Alex Nugent, CEO Knowm Inc:
We agree, and you have interpreted the talk in a way that is physical nonsense, so I can see why you are concerned. Of course energy is dissipated in a brain, and of course there are capacitive losses. There are just way more losses in a digital computer trying to calculate than in the real thing. It is extremely wasteful to calculate (via the separation of memory and processing) adaptation versus building intrinsically adaptive circuits. Energy in a physical neuron is not dissipated shuttling information back and forth between memory and processing as state variables are calculated, but this does not mean it does not dissipate energy (capacitive or otherwise).
"The talk blames the high power of a von Neumann architecture overwhelmingly on the value of d. It's claimed that simulating a human on a von Neumann machine would require 160 TW at 1 volt, but an actual human requires only 100W. Why the disparity? The slide is very clear about this: "In brains, all life, and everywhere in Nature, d is 0""

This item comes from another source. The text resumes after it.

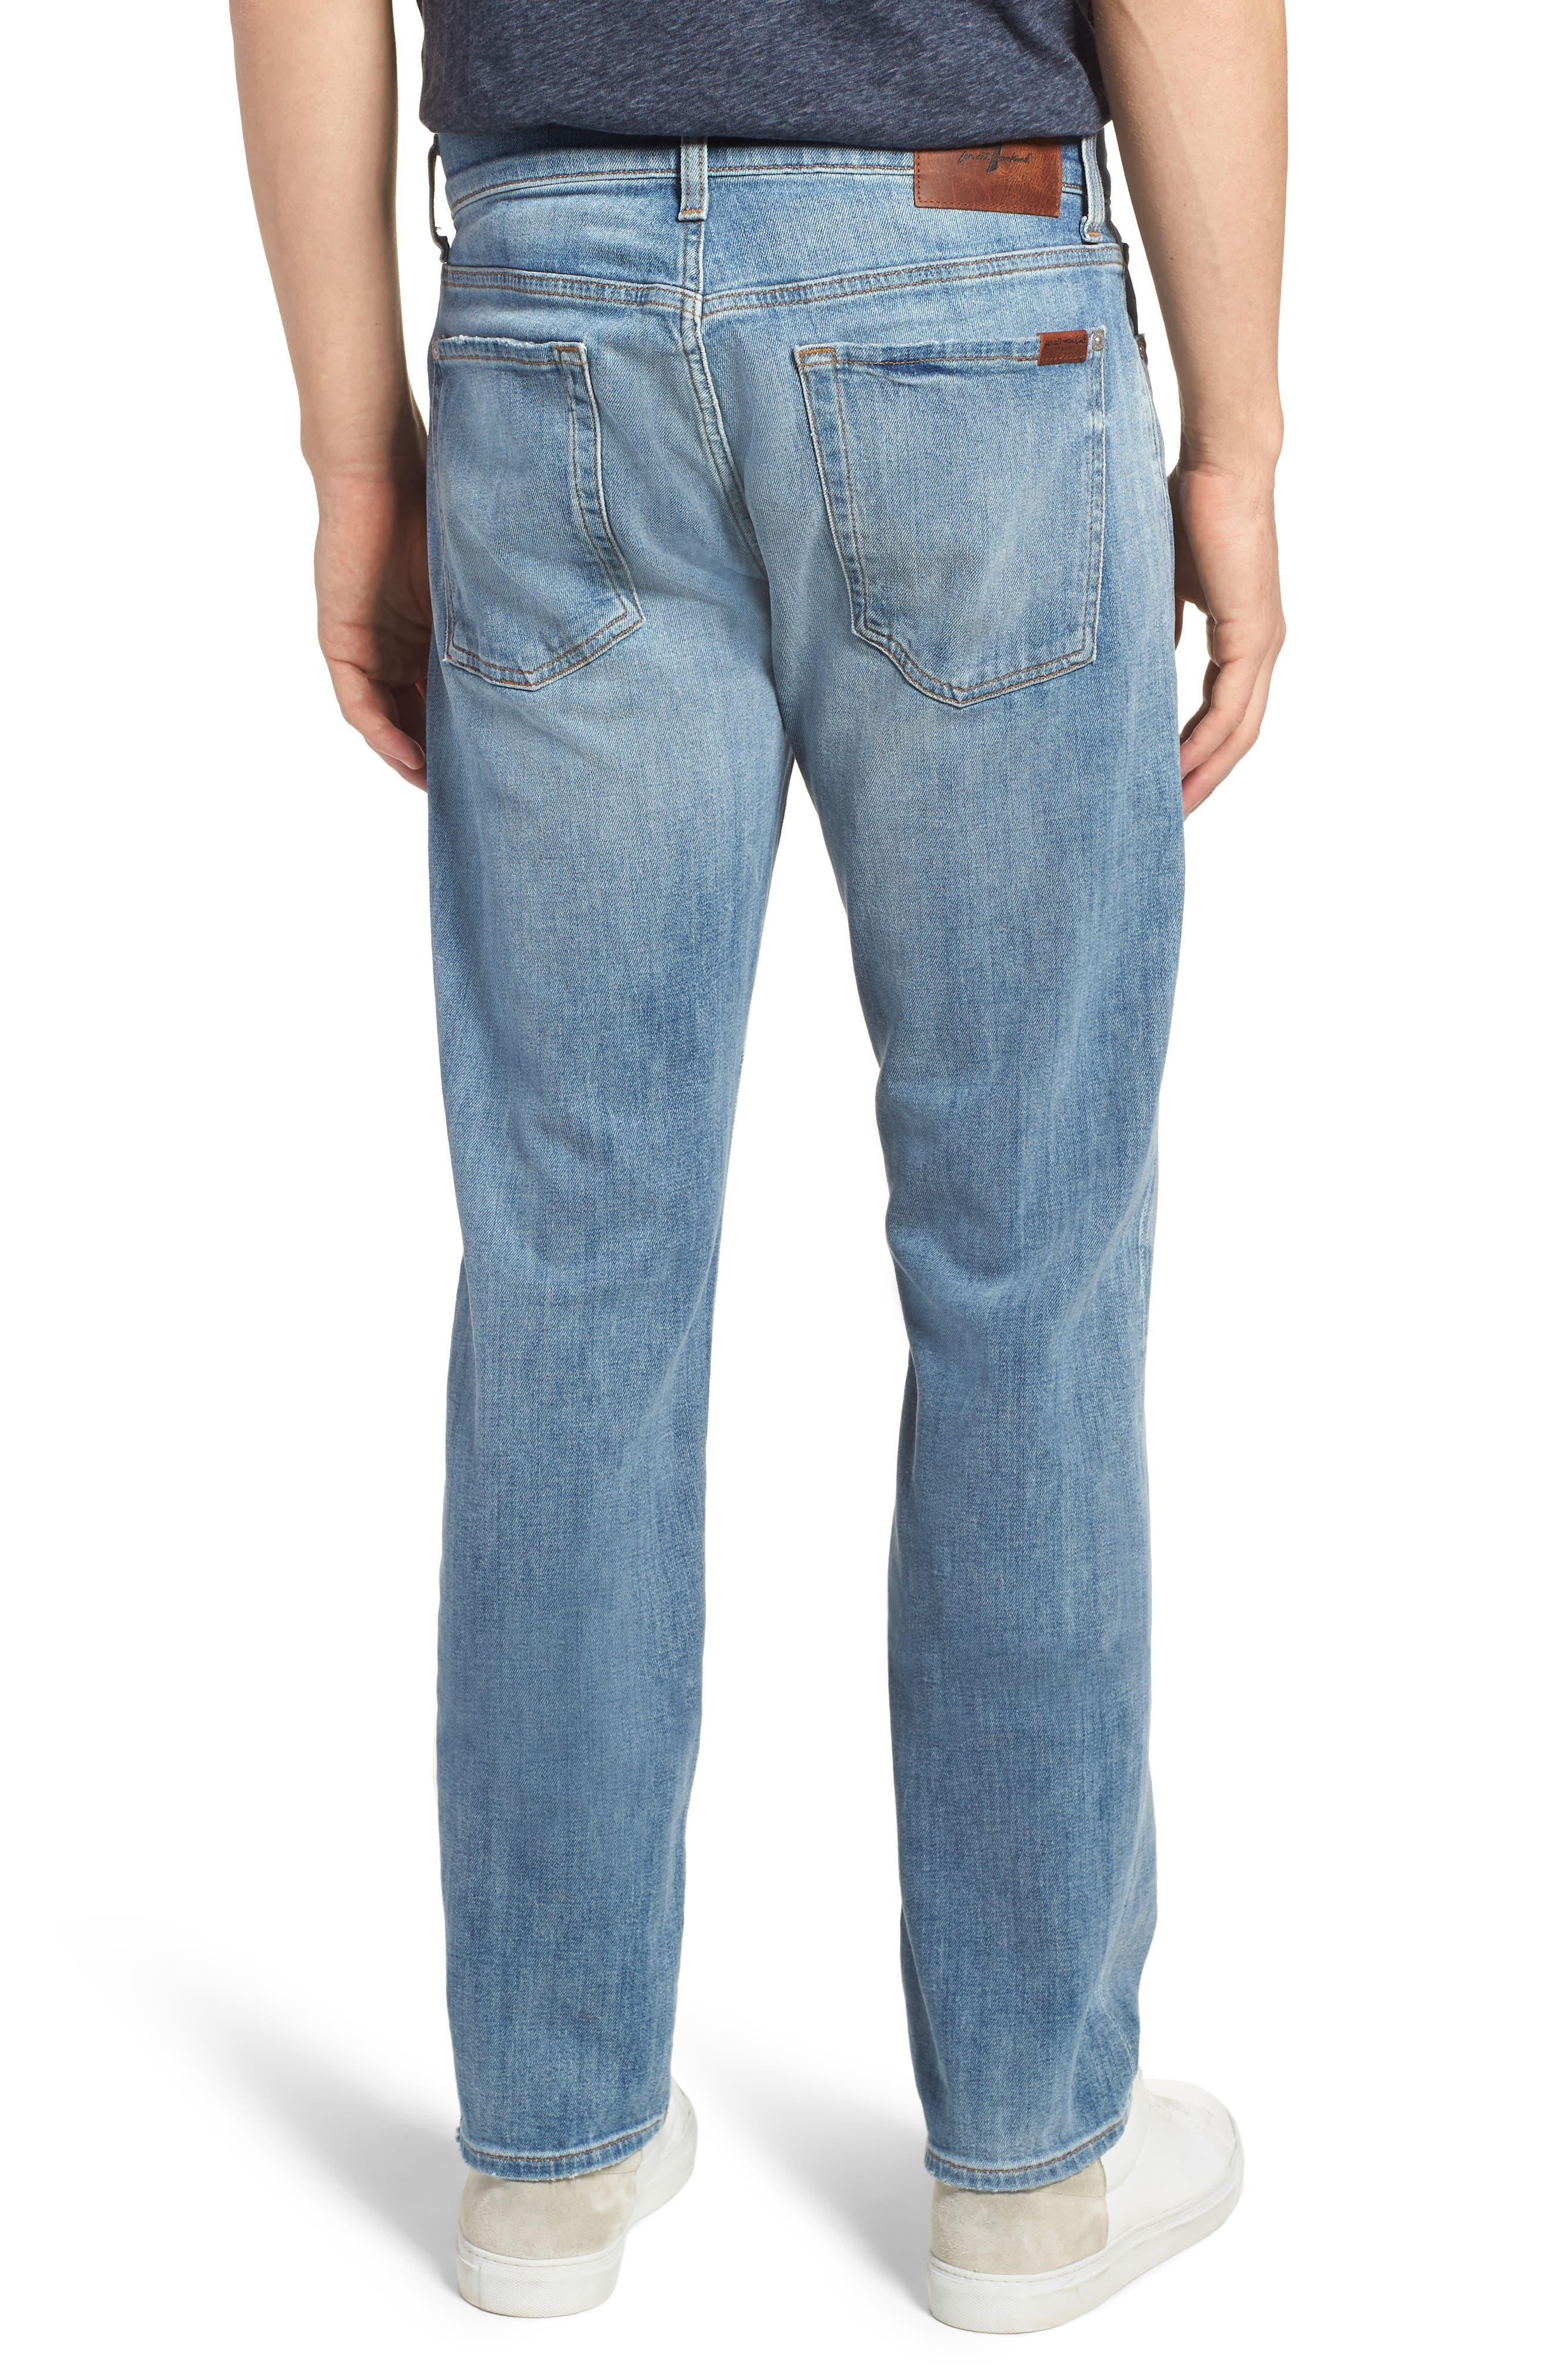 Slimmy Slim Fit Jeans,                             Alternate thumbnail 2, color,                             400

Yes. d is the memory-processing distance. There is no distinction between the two in a real physical system and hence the energy associated with this act of separation goes to zero. That does not mean this is the only contribution to the total energy dissipation, and it of course does not mean you can magically make a circuit that consumes zero energy. It means that calculation of very large numbers of interacting adaptive variables via the separation of memory and processing is overwhelming less efficient than building a very large interacting adaptive system directly. The example was meant to show just how significant this contribution can be, and why having an intrinsically adaptive element (the memristor) is exciting and useful.
Misquote about quantum computing and AHaH?
Gordon-Panthana:
This could be a misquote, but an article in EE Times (http://www.eetimes.com/document.asp?doc_id=1327068) quotes Alex Nugent, CEO of Known, as saying: “Knowm’s AHaH computing approach combines the best of machine learning and quantum computing via memristors.” Quantum? Their approach appears to be purely classical. What part of quantum computing is incorporated in AHaH?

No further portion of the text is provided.